◆ **Dataset excerpt**:
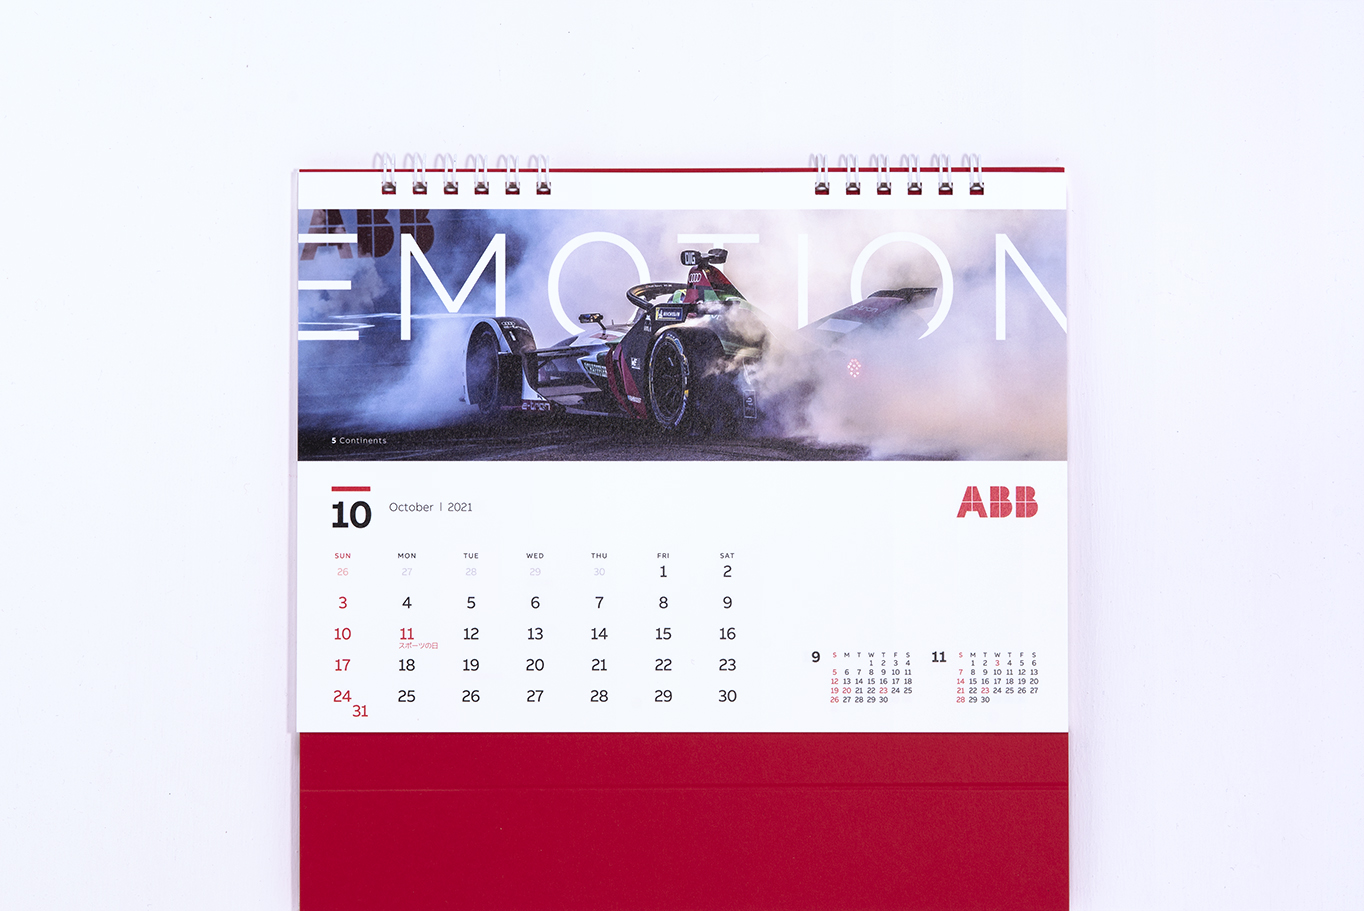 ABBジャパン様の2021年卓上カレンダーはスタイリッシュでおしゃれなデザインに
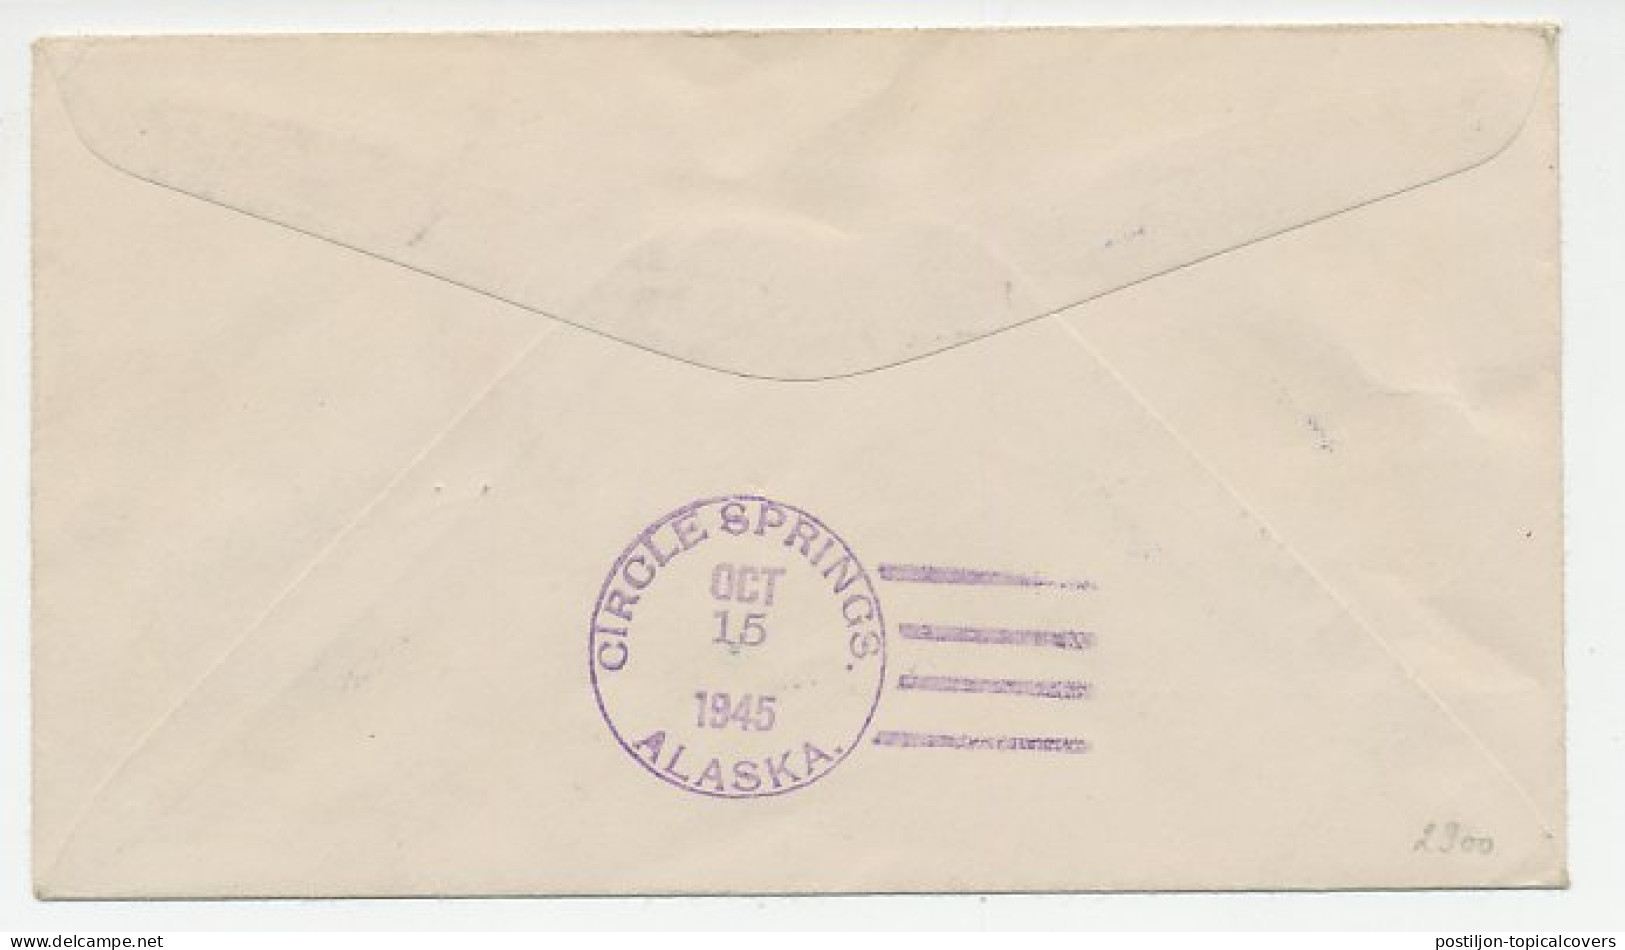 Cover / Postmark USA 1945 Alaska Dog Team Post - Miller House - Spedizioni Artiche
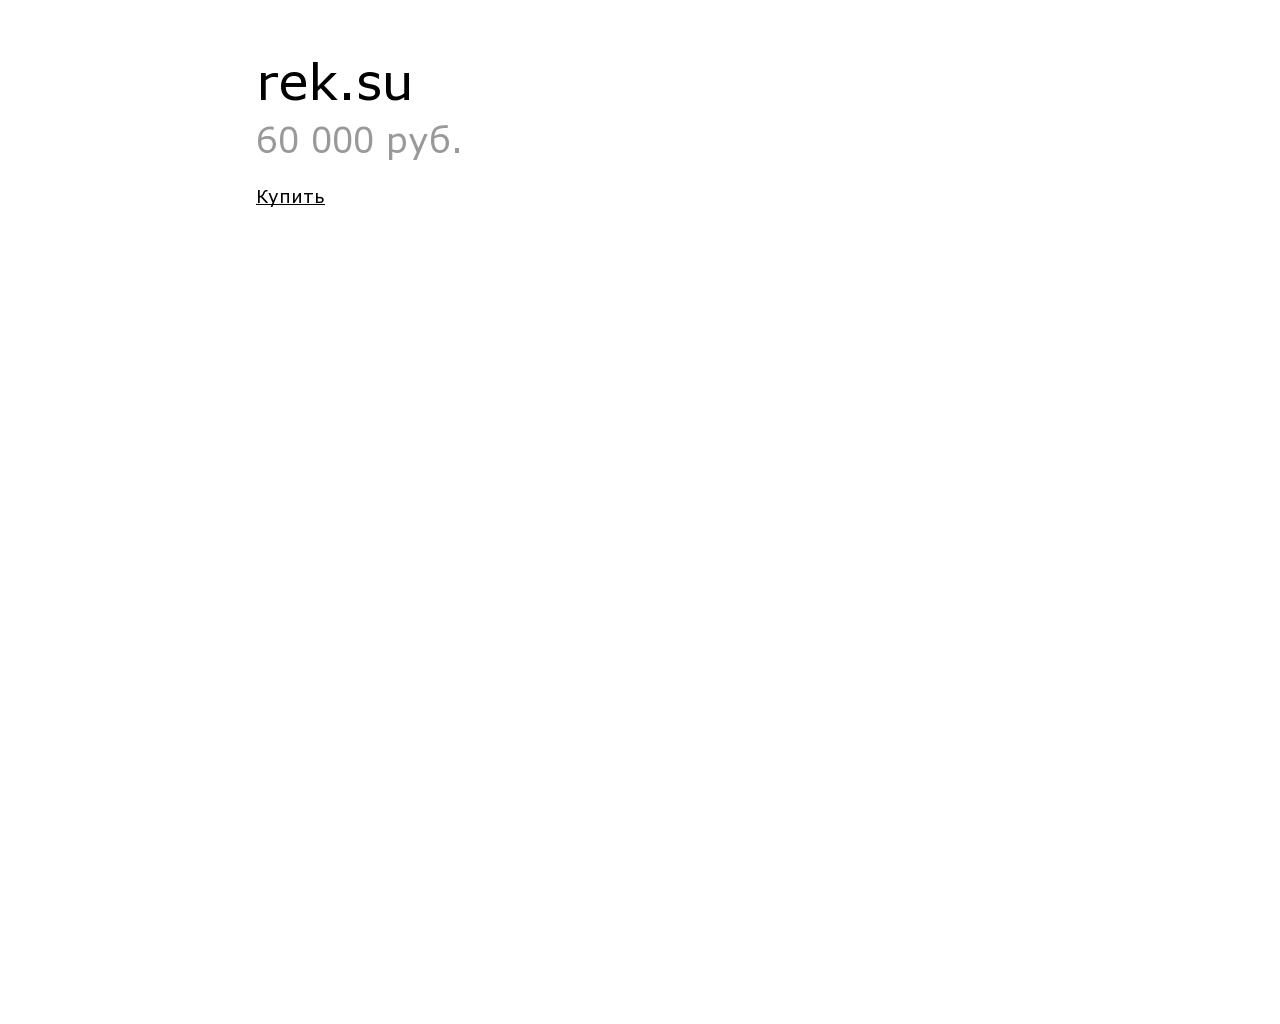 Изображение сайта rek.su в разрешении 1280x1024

◆ **The problem**: Word for word, write out the full listing, leaving the pictures aside.

◆ **Result**:
 ABBジャパン様の2021年卓上カレンダーはスタイリッシュでおしゃれなデザインに
 Cover / Postmark USA 1945 Alaska Dog Team Post - Miller House - Spedizioni Artiche
 Изображение сайта rek.su в разрешении 1280x1024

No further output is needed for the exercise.